§ **Work to complete**: Please give back the lines from the line containing "1426 E CALLE" through the end of the listing below, exactly as written and without pictures.
====== Provided data ======
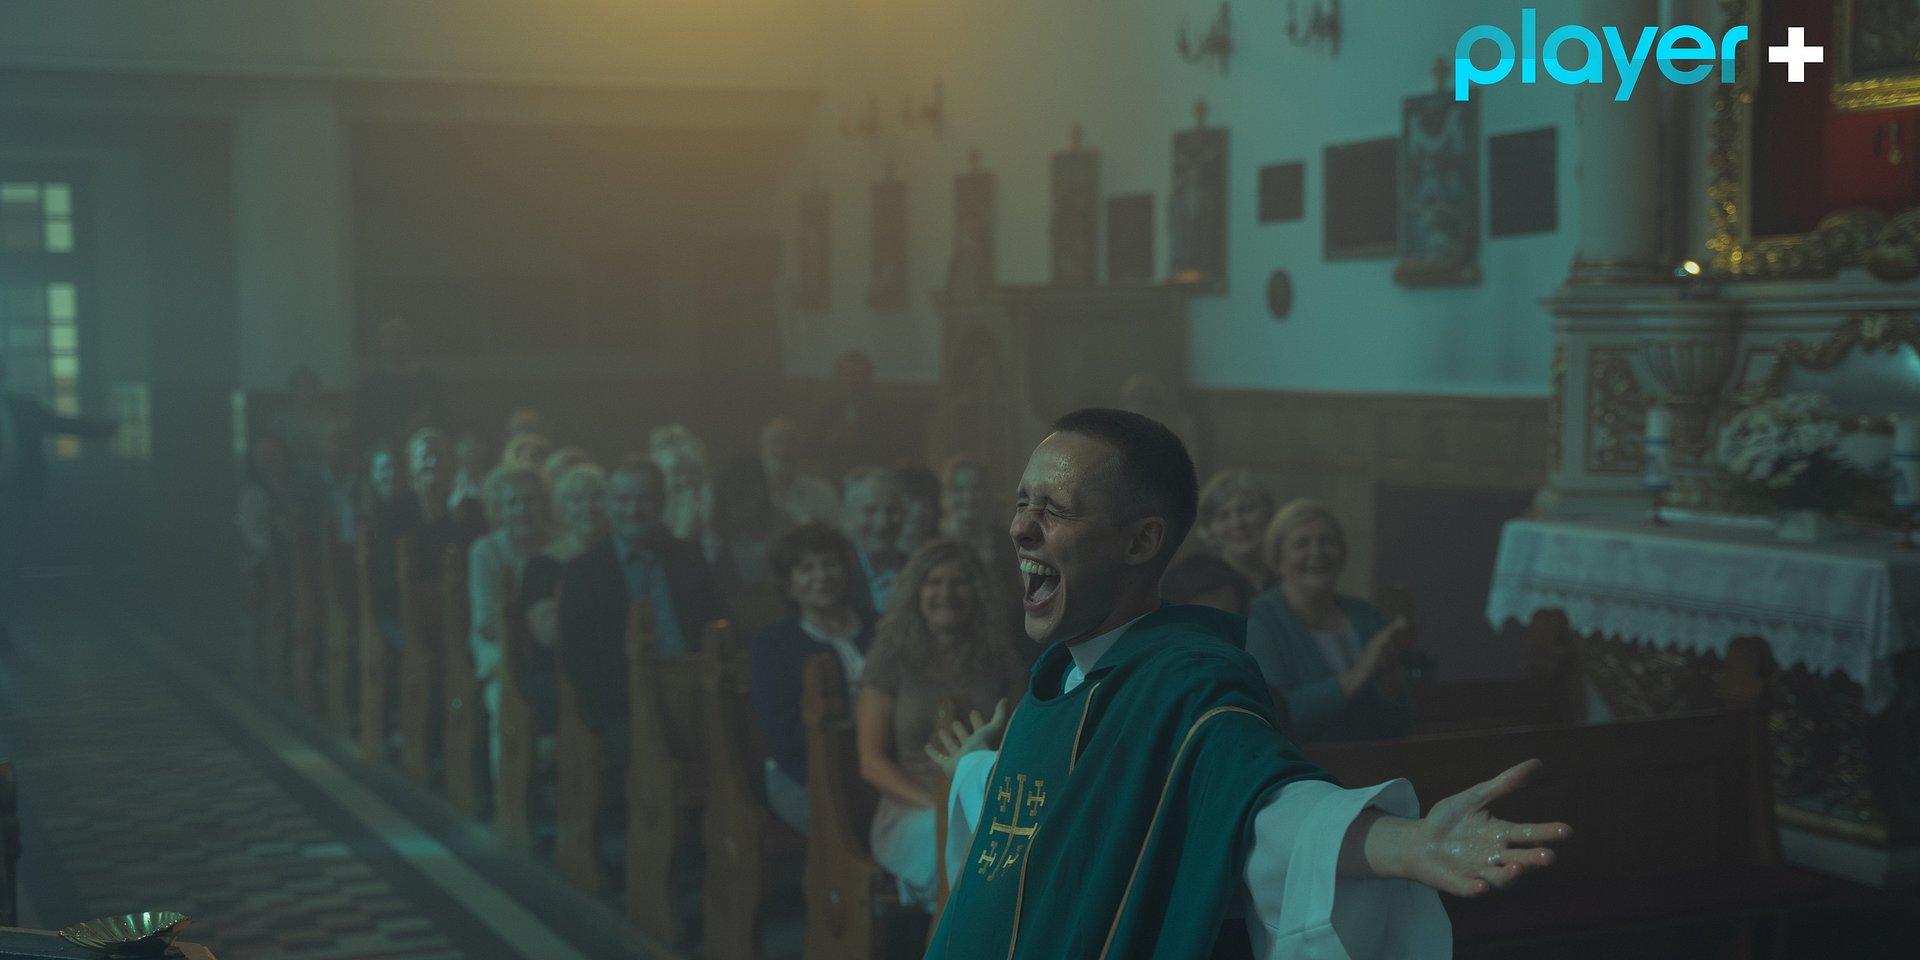 """Luty w Playerze: polski kandydat do Oscara """"Boże ciało"""" oraz wielki wygrany konkursu – """"Parasite""""!"""
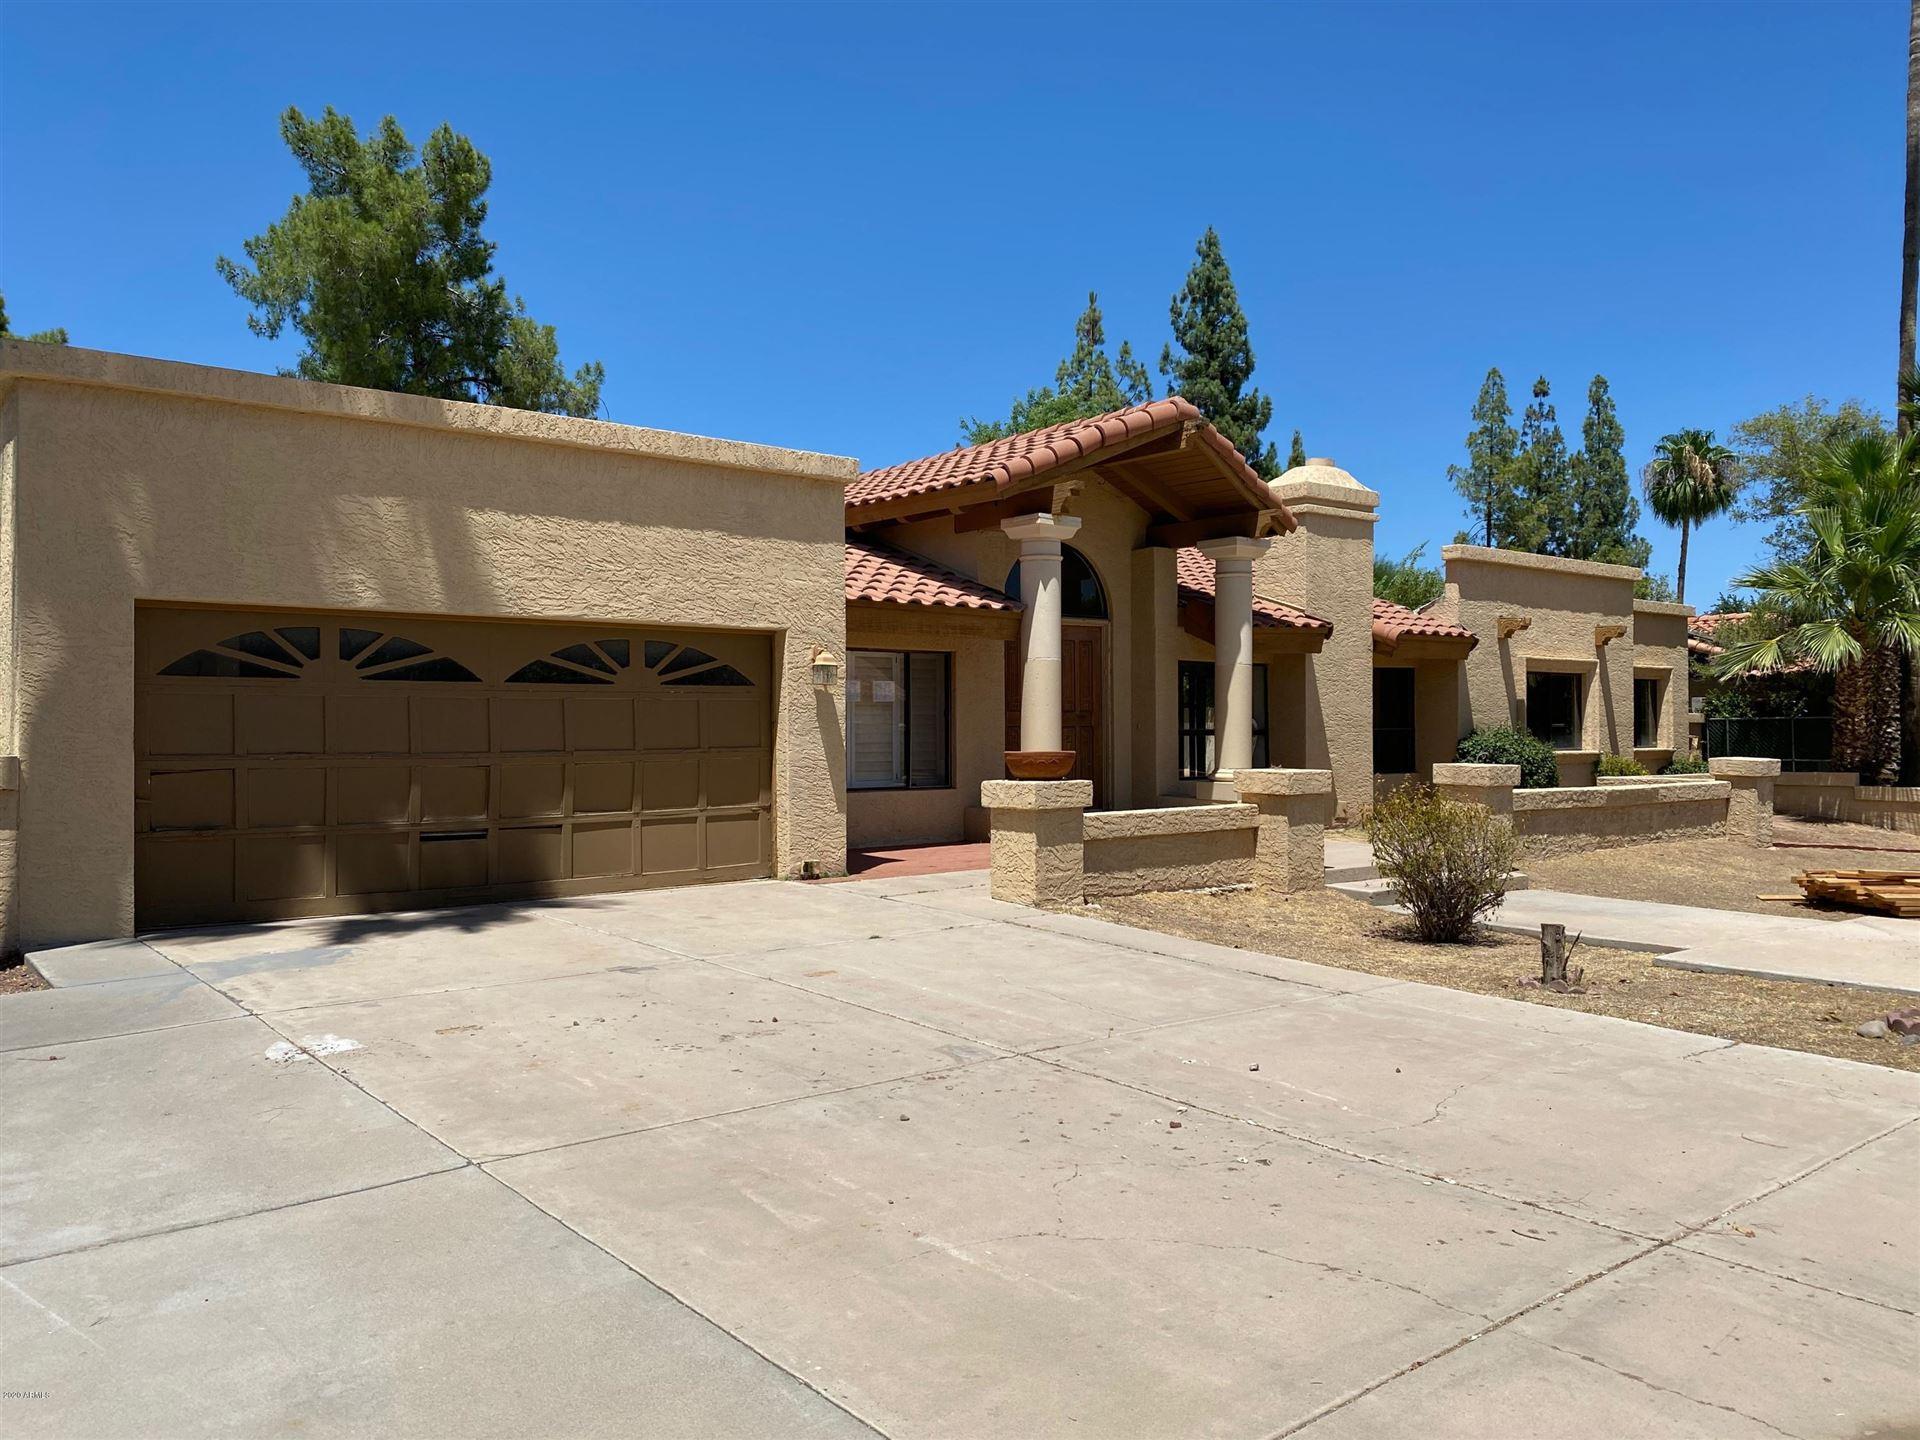 1426 E CALLE DE ARCOS Street, Tempe, AZ 85284 - MLS#: 6108118
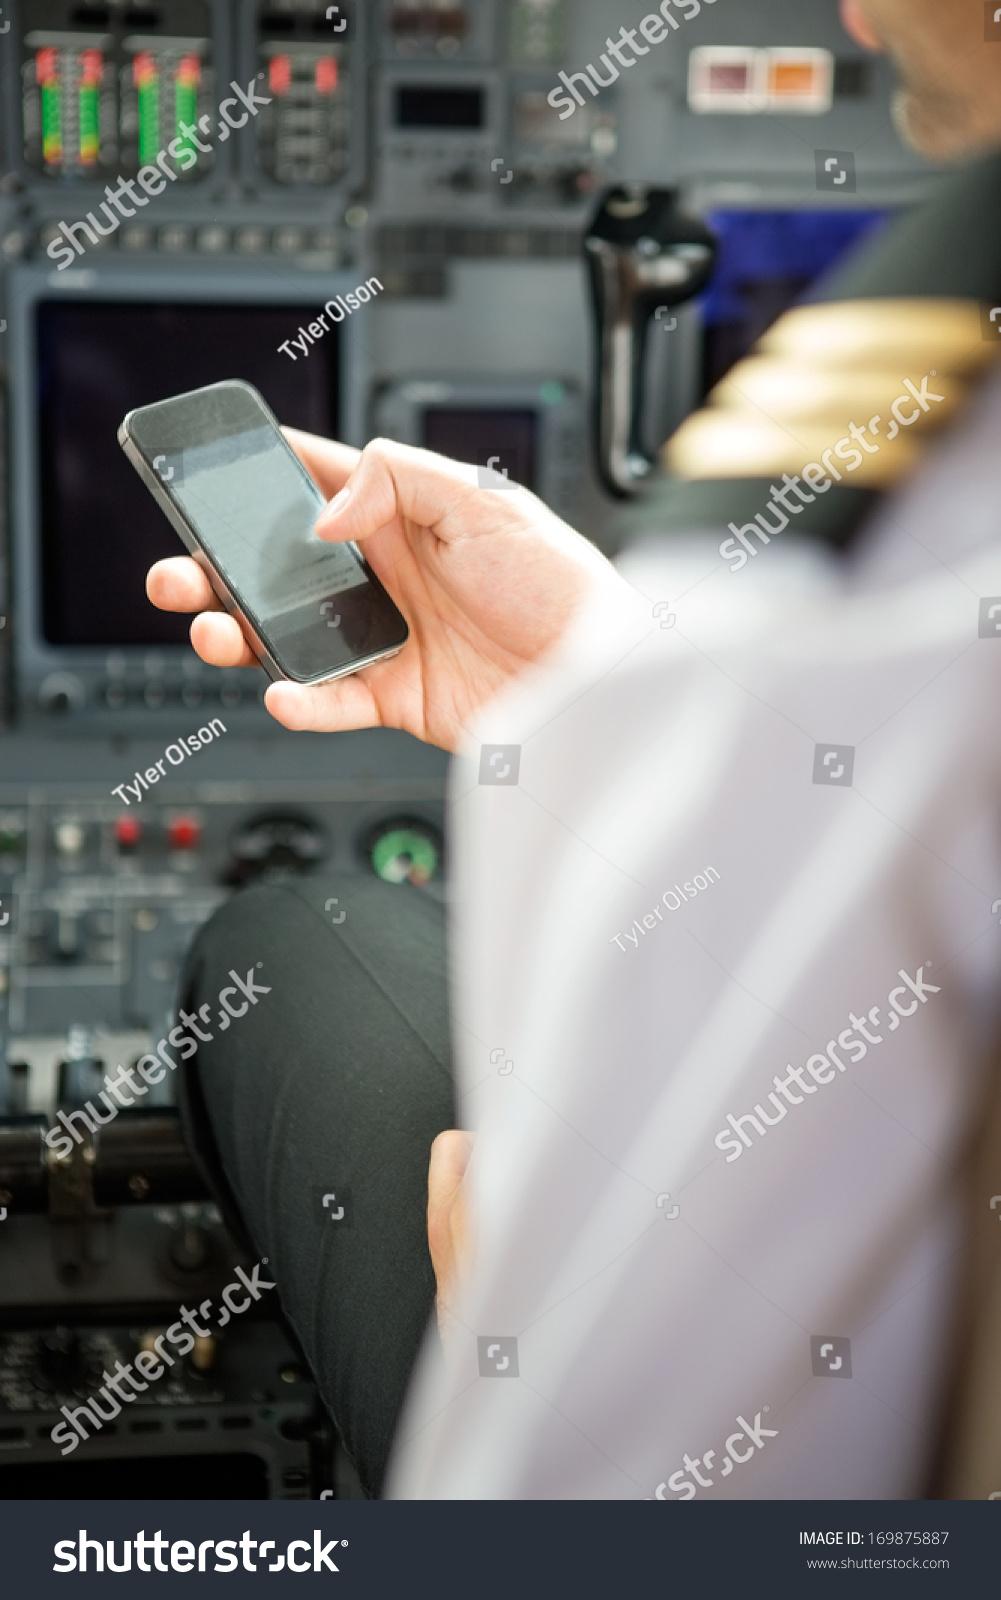 飞行员在私人飞机的驾驶舱使用智能手机-交通运输,-()
======
§ **Reply to the task**:
 1426 E CALLE DE ARCOS Street, Tempe, AZ 85284 - MLS#: 6108118
 飞行员在私人飞机的驾驶舱使用智能手机-交通运输,-()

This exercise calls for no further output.